You are viewing a plain text version of this content. The canonical link for it is here.
Posted to user@cassandra.apache.org by osishkin osishkin <os...@gmail.com> on 2011/09/06 13:22:50 UTC

CQL and schema-less column family

Sorry for the newbie question but I failed to find a clear answer.
Can CQL be used to query a schema-less column family? can they be indexed?
That is, query for column names that do not necessarily exist in all
rows, and were not defined in advance when the column family was
created.

Thank you

Re: CQL and schema-less column family

Posted by osishkin osishkin <os...@gmail.com>.
Hi, sorry for re-posting, but it would be very helpful to get some
input on my previous post, so I'd know which direction to take.
So if anyone of the more experienced users here can help, it would be
greatly appreciated.

Thank you
Osi

---------- Forwarded message ----------
From: osishkin osishkin <os...@gmail.com>
Date: Wed, Sep 7, 2011 at 2:02 PM
Subject: Re: CQL and schema-less column family
To: user@cassandra.apache.org, eevans@acunu.com


Thank you very much Eric for your response.

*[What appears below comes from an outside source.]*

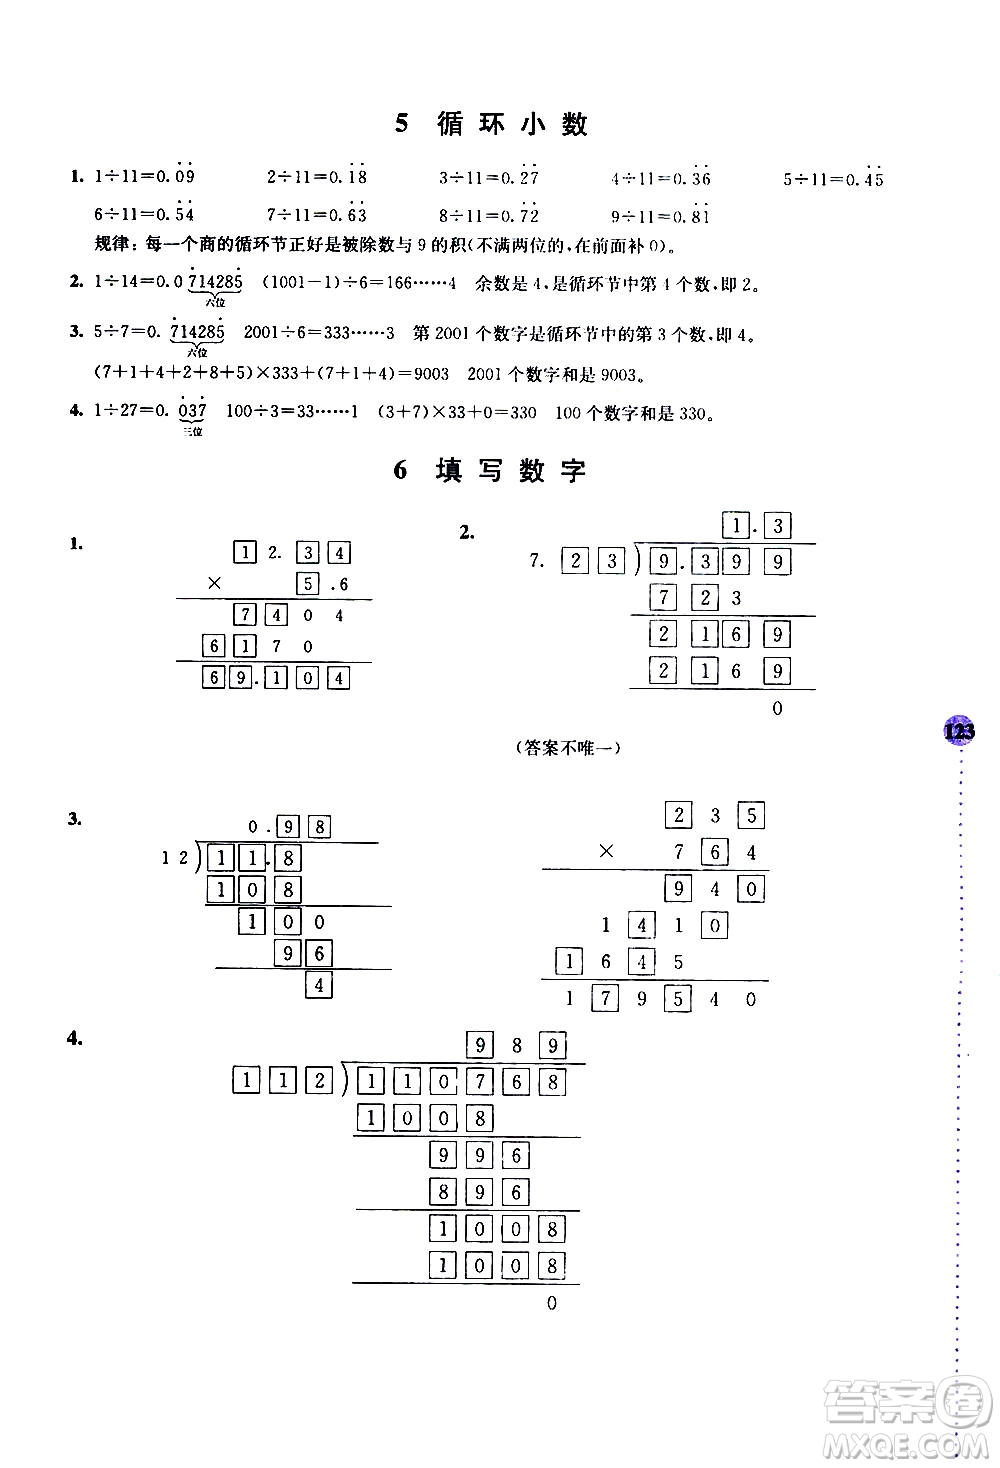 南京大学出版社2020年小学数学拓展学案60课5年级参考答案

Some follow-up questions come to mind:
1. What will be the performance hit for querying a coulmn name not
predefined in a schema? if it's not indexed, then I guess Cassandra
will have to iterate all rows,which will impose huge overhead.

2. Assuming my guess from the previous question is correct, then in
order to get decent performance I need to index a column.
Can you tell me if indexing a column name (not predefined in a schema)
has any performance impact?

I'm not yet sure whether CQL/secondary indexes is the right direction
for me, as opposed to manually-maintained indexes.
My application also requires range predicates columns with potentially
high numbers of unique values. From what I gather, both (range
predicates, high cardinality values) are very inefficient in
CQL/secondary indexes.
But I'd like to get the whole picture before deciding.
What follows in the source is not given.